5.2. Changing Trend of SSS from 2003 to 2020

The Sen + MK trend test is used to evaluate the significance of the interannual change of SSS in March and August from 2003 to 2020. The SSS change area is calculated according to the different degrees of confidence, as shown in Table 5.

The change rate of SSS calculated pixel by pixel in March and August from 2003 to 2020 is shown in Figure 12. Generally, the study area shows a slight SSS decrease in both March and August, exhibiting an overall downward trend of SSS in recent years. More than 70% of the sea area shows a decreasing trend in SSS in both August and March. The sea area with decreasing SSS in the flood season is larger than that in the dry season. The sea area with a significant and slight decrease in SSS is mainly distributed in the outer parts of the Changjiang Estuary. The area with elevated SSS is located at the plume front of CDW and the activity area of TWC, which intrudes along the submarine valley along the Zhejiang coast. The deceasing trend of SSS in the front plume of CDW may indicate the strength of CDW, particularly in flood season.

On the contrary, the sea area with a slight increase in SSS in both August and March is mainly located in the coastal waters. Particularly, in March, a large area in the northwest of the study area shows slightly increased SSS, in addition, sea areas with significant SSS increases are mainly distributed along the coast of the south of Hangzhou Bay. Whereas, in August, slightly increased SSS occurred near Jeju Island and a very small patch of sea area with significantly elevated SSS was observed in the Changjiang Estuary.

6. Conclusions

This paper takes the Changjiang Estuary and the adjoining sea area (the geographical location between 120°~130°E and 26°~36°N) as the research area. With SMAP\SSS L3 monthly product and MODIS\SST and MODIS\Rrs L3 monthly product as inputs, respective SSS inversion models of the flood season and the dry season are constructed by machine learning methods for the sea area with salinity >30 psu. An empirical method is constructed for the near-shore sea water with a salinity <30 psu without seasonal discrimination, to compensate the low accuracy of the machine learning inversion model in near-shore sea waters with low salinity. With the application of the combined SSS inversion models, SSS in this study area from 2003 to 2020 was performed to observe the change in expansion area and pattern of CDW in the continental shelf of ECS.

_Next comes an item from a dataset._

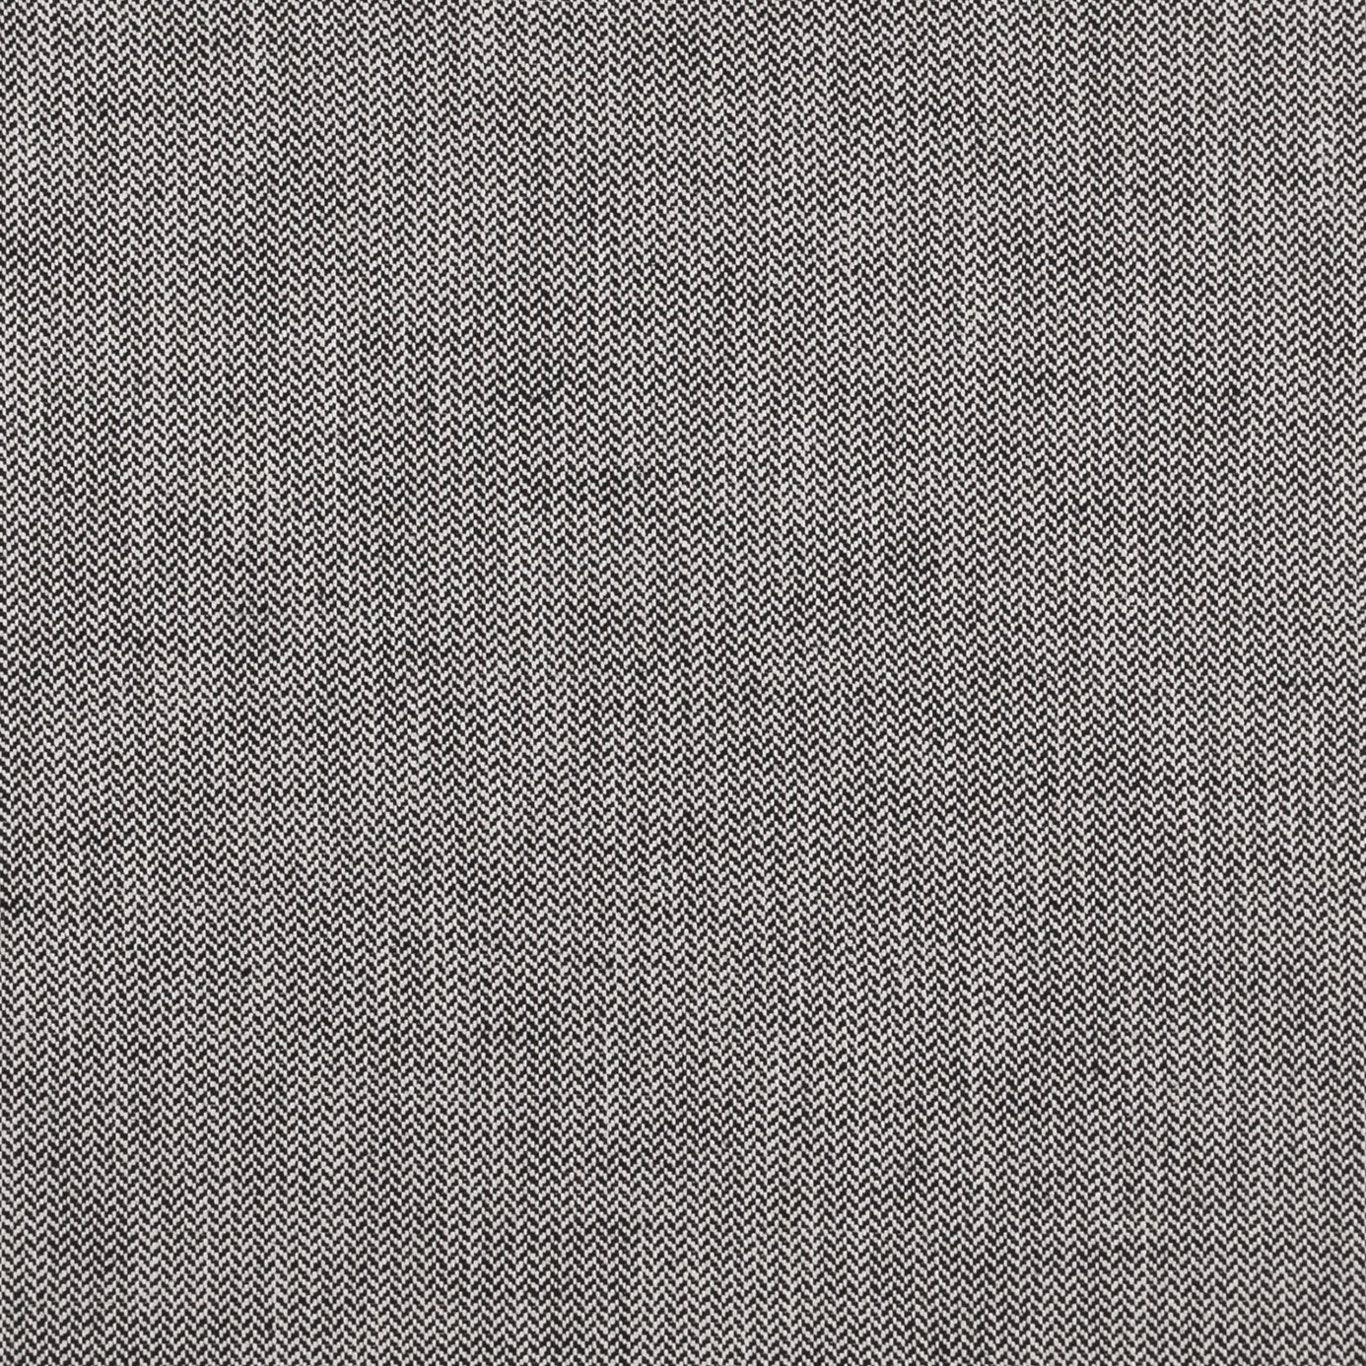 Bw1003 Fabric by Clarke & Clarke - F0875/01 - Black/White

The paper reaches the following conclusions:

The combined inversion model achieved acceptable accuracy, particularly for the near shore sea water, SSS inversion accuracy is significantly improved through the combination with empirical model. In sea areas with a salinity between 30–34 psu, where SSS is obtained with machine learning models, the MAE in the flood season is 0.503 psu, the MAE in the dry season is 0.263 psu. In addition, the experimental verification accuracy of the offshore empirical statistical model is R² = 0.8425, RMSE = 1.29 psu. Moreover, the correlation coefficient between the inversion SSS with Copernicus reanalysis SSS reaches 0.764, and the average deviation is −0.86 psu. It is indicated that the accuracy of the constructed combined model in this study satisfies the requirements of large scale dynamic observations. This new model provides a new scheme to obtain acceptable accuracy and enhanced spatial resolution for salinity observation for marginal seas, where the salinity varies widely, and the high turbidity has always been a great challenge for observation from space.

With the application of the combined model, SSS is inversed for the study area. The results show that more than 70% of the sea area has a downward trend in the flood season and the dry season. Particularly, in August, there is a significant decrease in salinity, indicating an expansion of the CDW extension. The increasing expansion of CDW with low salinity may indicate the gradual strengthening of CDW or weakening of TWC but needs more investigation.

From 2003 to 2020, the diluting water expansion patterns of the Yangtze River can be summarized into three categories: the first category is the northeast-directed expansion type, multi-directional expansion type, and the northeast-southeast expansion type. Among them, the northeast-pointing pattern is the most common type of CDW, and the three types occur due to the special marine dynamic conditions of that time.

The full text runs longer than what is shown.